China's sulfur dioxide pollution is serious, and main cause is the industrial structure in China mainly based on Coal Industrial, coal Burning causes a large amount of sulfur dioxide and the discharge of other pollutants, at the same to the prevention and cure of pollution of sulfur dioxide work less than Position, thinks little of preserving the ecological environment.

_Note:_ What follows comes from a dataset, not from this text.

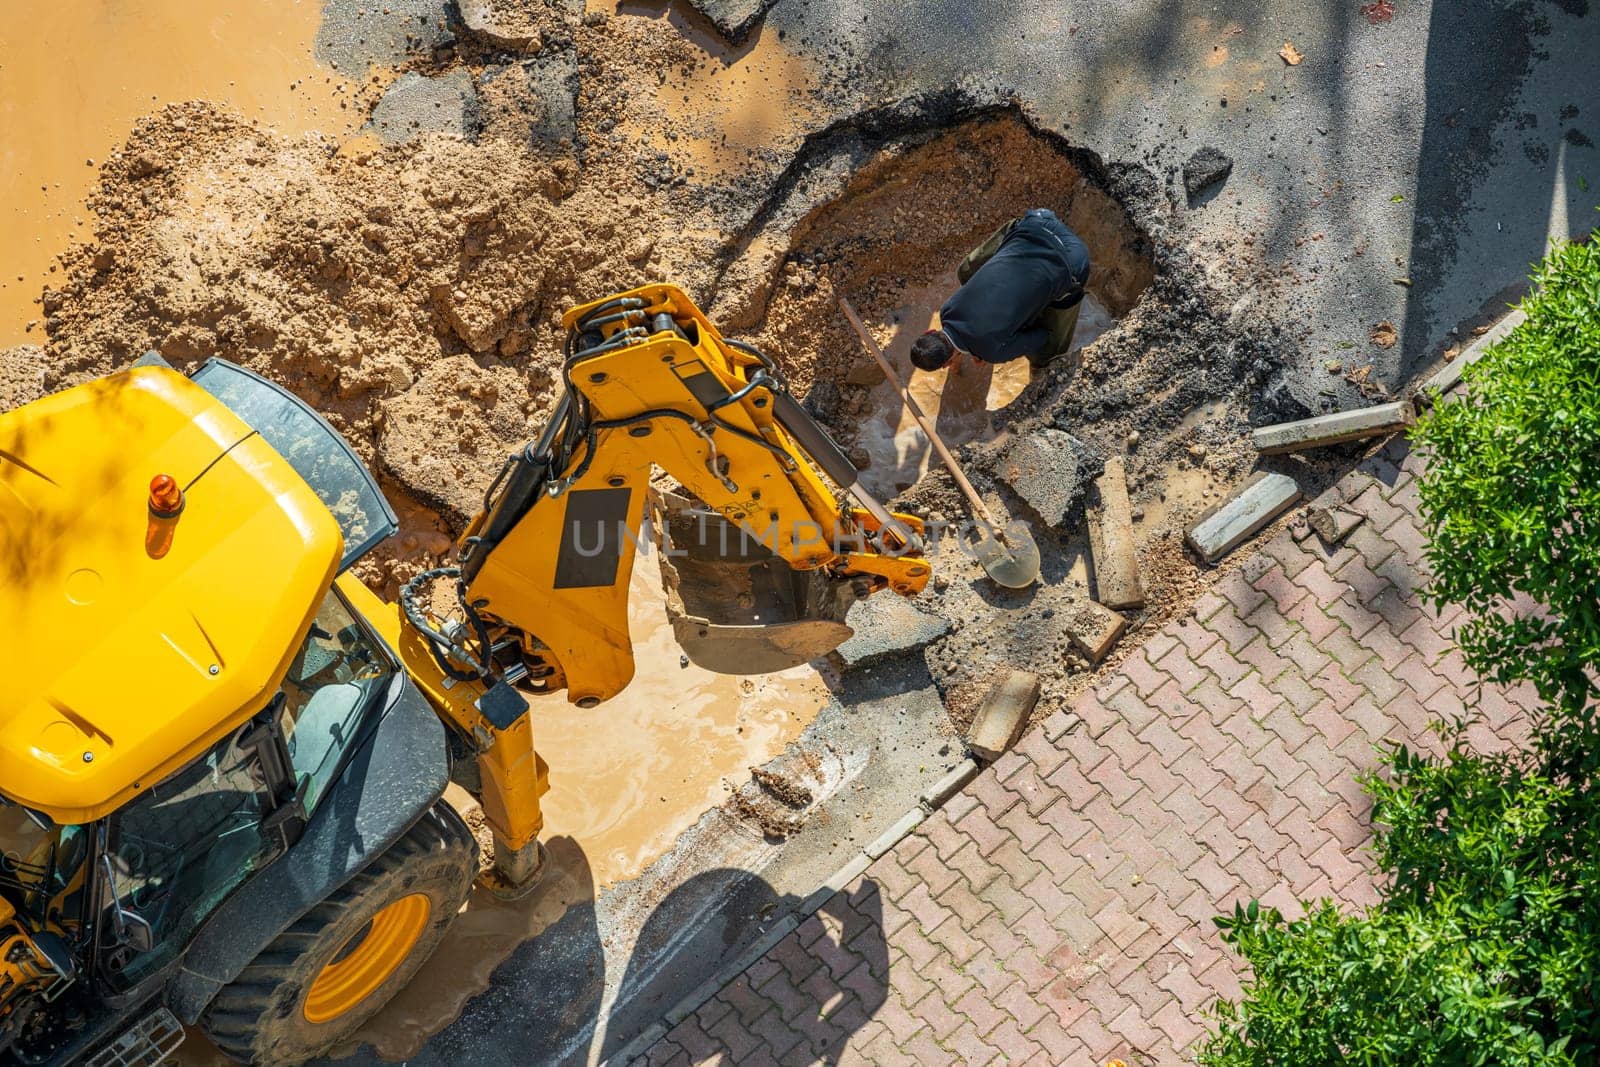 Digger digging asphalt to repair a water fault in a street by Sonat

Sulfur dioxide treatment method has physical method and chemical method at present, and wherein physical method is inhaled using wide Attached method, solvent absorption mainly have calcium method, sodium method and potassium method in chemical method；Single physical method desulfurization, generally requires to be added A large amount of chemical substance carries out sulfur dioxide treatment, and energy consumption waste is larger；Often due to reaction condition, treated in chemical method Contain unreacted solution in solution, causes separation difficult, influence to reuse, cause the waste of resource.

Summary of the invention

The present invention provides the ecological space data crawling methods based on Web, at least to solve in the related technology for sky Gas quality data collection data volume is excessive, and hash is excessive, the low problem of the quality of data, while in air quality data two Sulfur oxide is analyzed, and the influence factor for influencing content of sulfur dioxide is found out, and provides corresponding indoor sulfur dioxide resolution.

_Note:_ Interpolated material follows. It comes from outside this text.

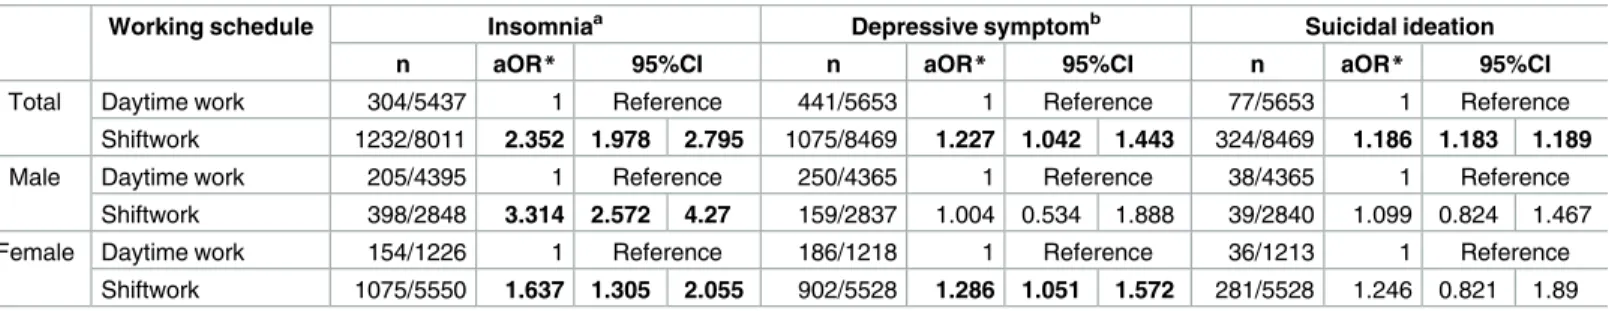 Table 2. Adjusted ORs and 95% CI values for caseness of insomnia, depressive symptom, and suicidal ideation according to working schedule.

Ecological space data crawling method based on Web, comprising the following steps:

(1) sulfur dioxide data crawl: according to sulfur dioxide concentration data characteristics, selection crawls scheme, carries out data and climbs It takes, filters out the exceeded city of sulfur dioxide concentration；

(2) in the sulfur dioxide detector detection exceeded city room of sulfur dioxide concentration two indoor sulfur dioxide detection: are used Sulfur oxide concentration；

(3) it comparing: is compared according to indoor sulfur dioxide detectable concentration with data are crawled；

(4) sulfur dioxide desulfurization is handled: if indoor sulfur dioxide concentration is in the trend gradually risen and close to crawling dioxy Change sulphur concentration, then opens sulfur dioxide desulfurization processing.

Further, sulfur dioxide data crawl that specific step is as follows in the step (1):

1.1, selection crawls scheme: according to sulfur dioxide concentration data characteristics, data are more, updating decision, to environmental monitoring net Html page of standing is analyzed, and the data information URL and label of needs are searched, and formulates page letter according to the label and URL information It is distributed network crawler that breath, which crawls scheme,；

1.2, it crawls data: extracting related URL from webpage and URL queue is added, crawl data on website；

1.3, URL processing: reading URL, and URL duplicate removal extracts domain name and URL storage；

1.4, it cleans data: the data crawled is subjected to data cleansing, consistency check and processing invalid value and missing Value；Consistency check is the reasonable value range and correlation according to each variable, checks the relationship between data, and discovery is super Normal range (NR) or conflicting value out；It is invalid using estimation, directly rejecting, global variable filling, the processing of Random Interpolation method Value and missing values；

1.5, storing data: the data crawled are deposited in the database.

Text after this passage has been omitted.